The issue is whether an outgoing CEO can, on the corporation dime,
fly there and add to his post ICANN portfolio ("personal capacity").
Or did the Board instruct him to do this?
However, as someone not only having been working a in a few
developing countries, but also having been living in one, since
while it still was repressive, I feel I can contribute to the
Appeasing repressive regimes has been historically more often wrong
than not. And, whether "working with" "progressive factions" makes
a "difference", depends on what the word "difference" means.
On 2016-01-02 18:57 , George Sadowsky wrote:
> I was in Wuzhen, and participated in the conference, including a 2
> ½ hour panel discussion with Bob Kahn and others.
> Although we may disagree more than agree in general, I thank you
> very much for an adult, articulate and intelligent discussion of
> the fundamental issue of whether it is better to work with
> progressive factions of repressive regimes or to decide that it is
> not the right thing to do, for a number of reasons.
> My conclusion differs from yours. I've worked in about 50
> developing countries over the last 40 years, and in general one
> can make a difference, possibly a substantial difference, in
> working with those progressive factions. But that is my opinion,
> and I realize that it is not universally shared.

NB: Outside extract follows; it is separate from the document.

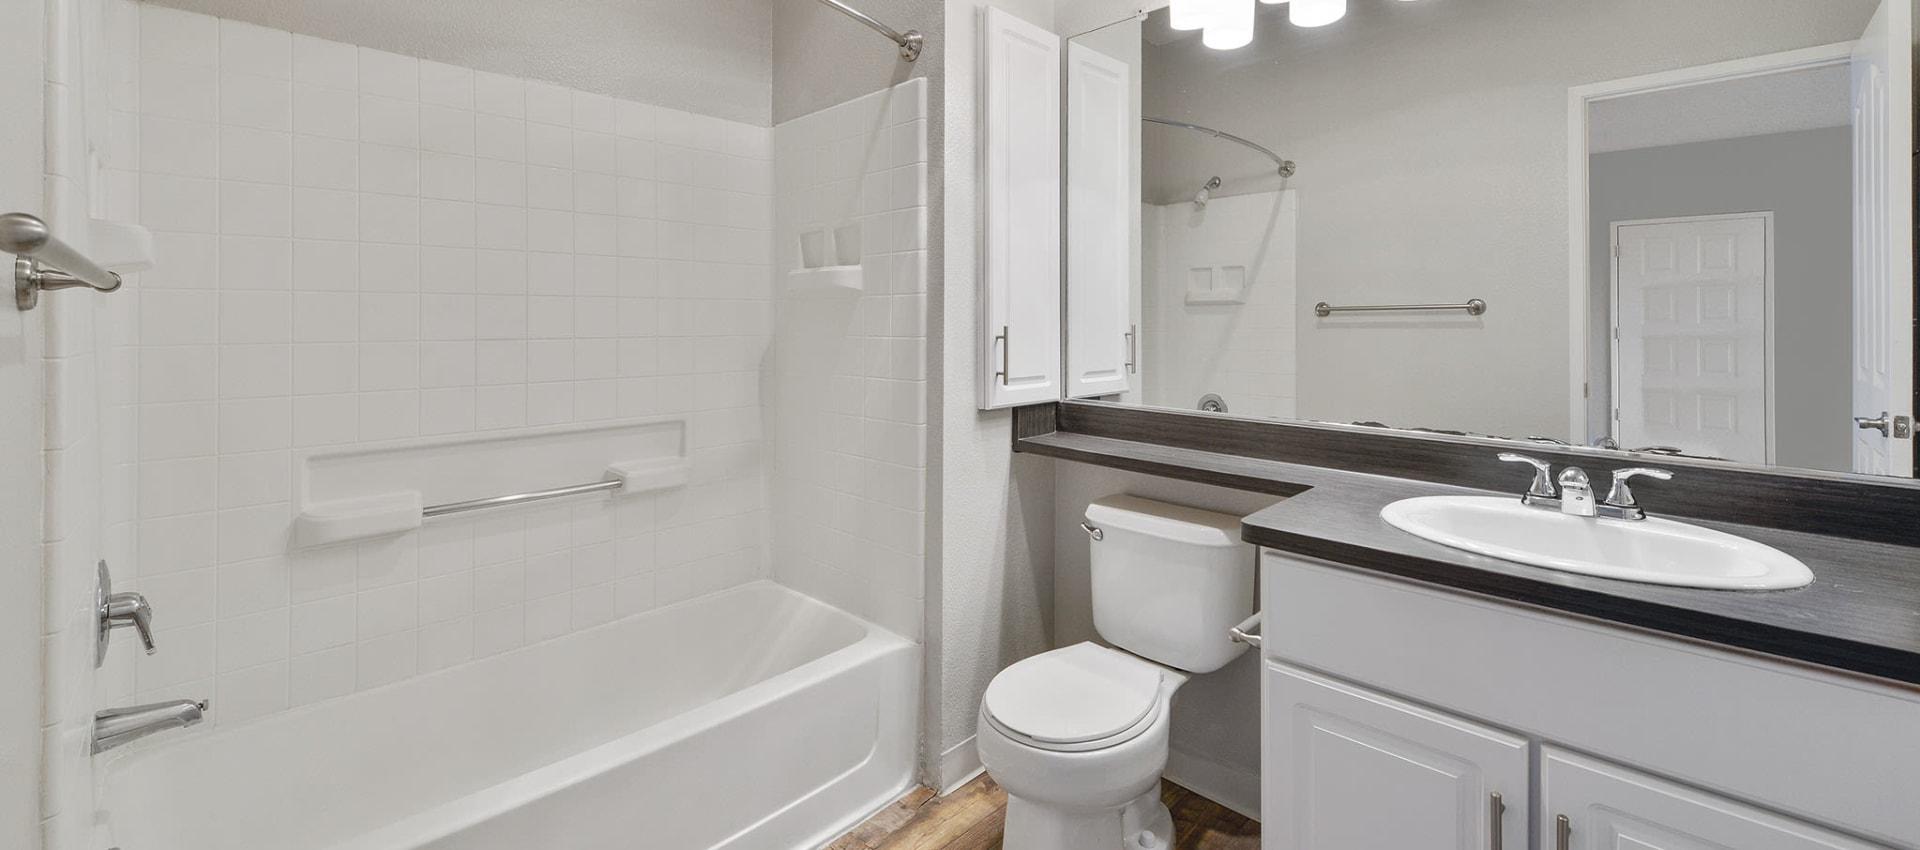 Spacious Bathroom at Rosewalk at San Jose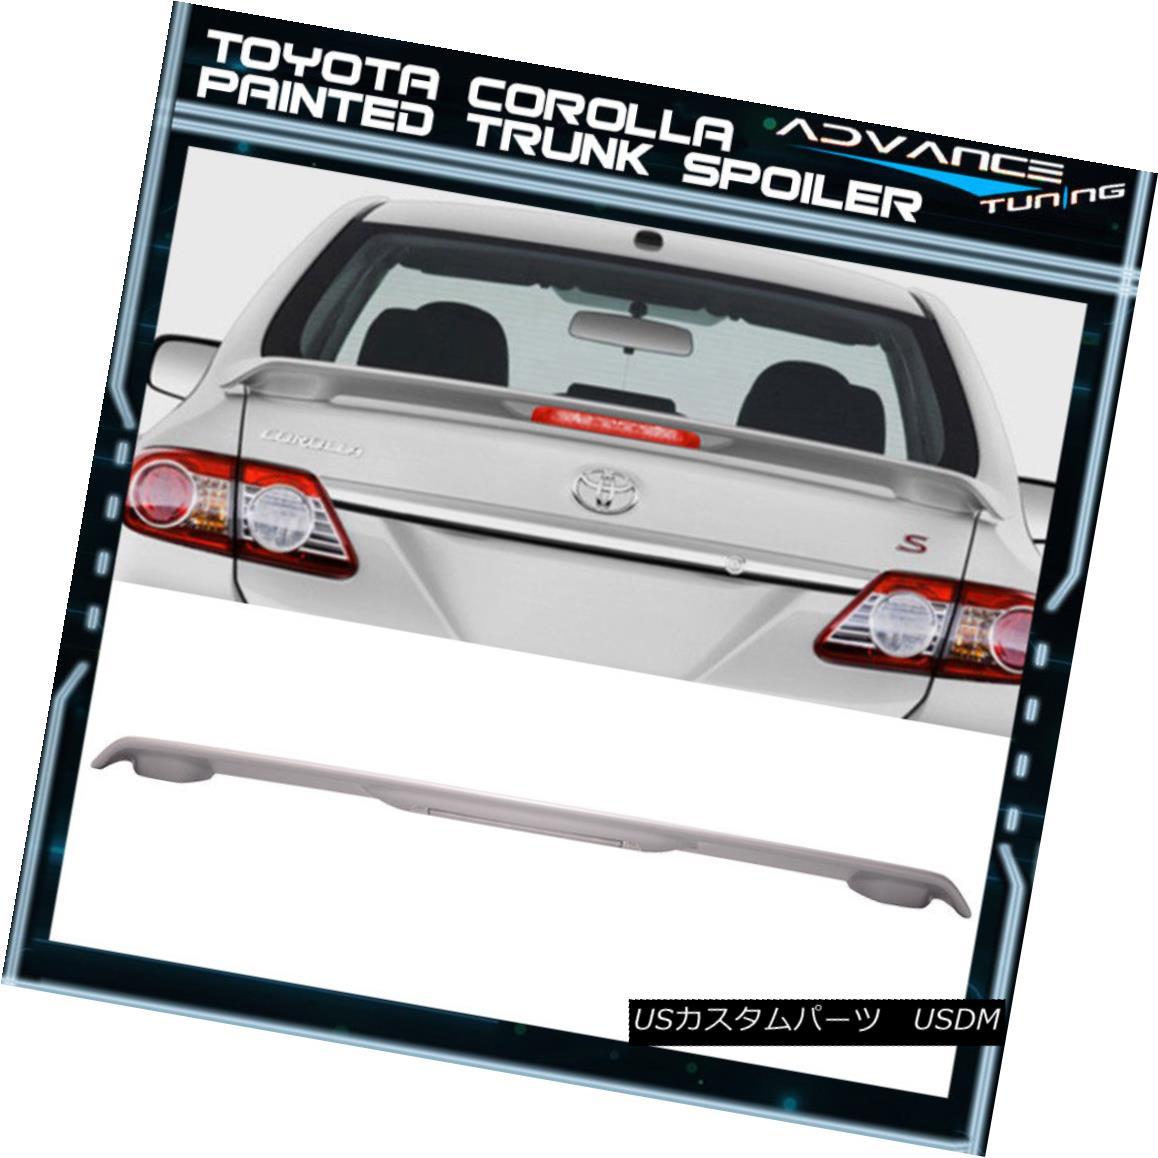 エアロパーツ 09-13 Corolla 4Dr LED Trunk Spoiler OEM Painted Match Classic Silver # 1F7 ABS 09-13カローラ4Dr LEDトランク・スポイラーOEM塗装マッチクラシックシルバー#1F7 ABS

> I say the above as a general comment, not related to the specifics
> of Fadi's involvement in China. However, I am disturbed at the
> number of responses to this incident, based upon bias, distortion,
> and lack of fact or context, that have been gratuitously offered
> on this list. The echo chamber has been very effective.
> I thank Siva and Roelof for past comments (not repeated below)
> that in my view reflect an thoughtful and proper perspective of
> the incident.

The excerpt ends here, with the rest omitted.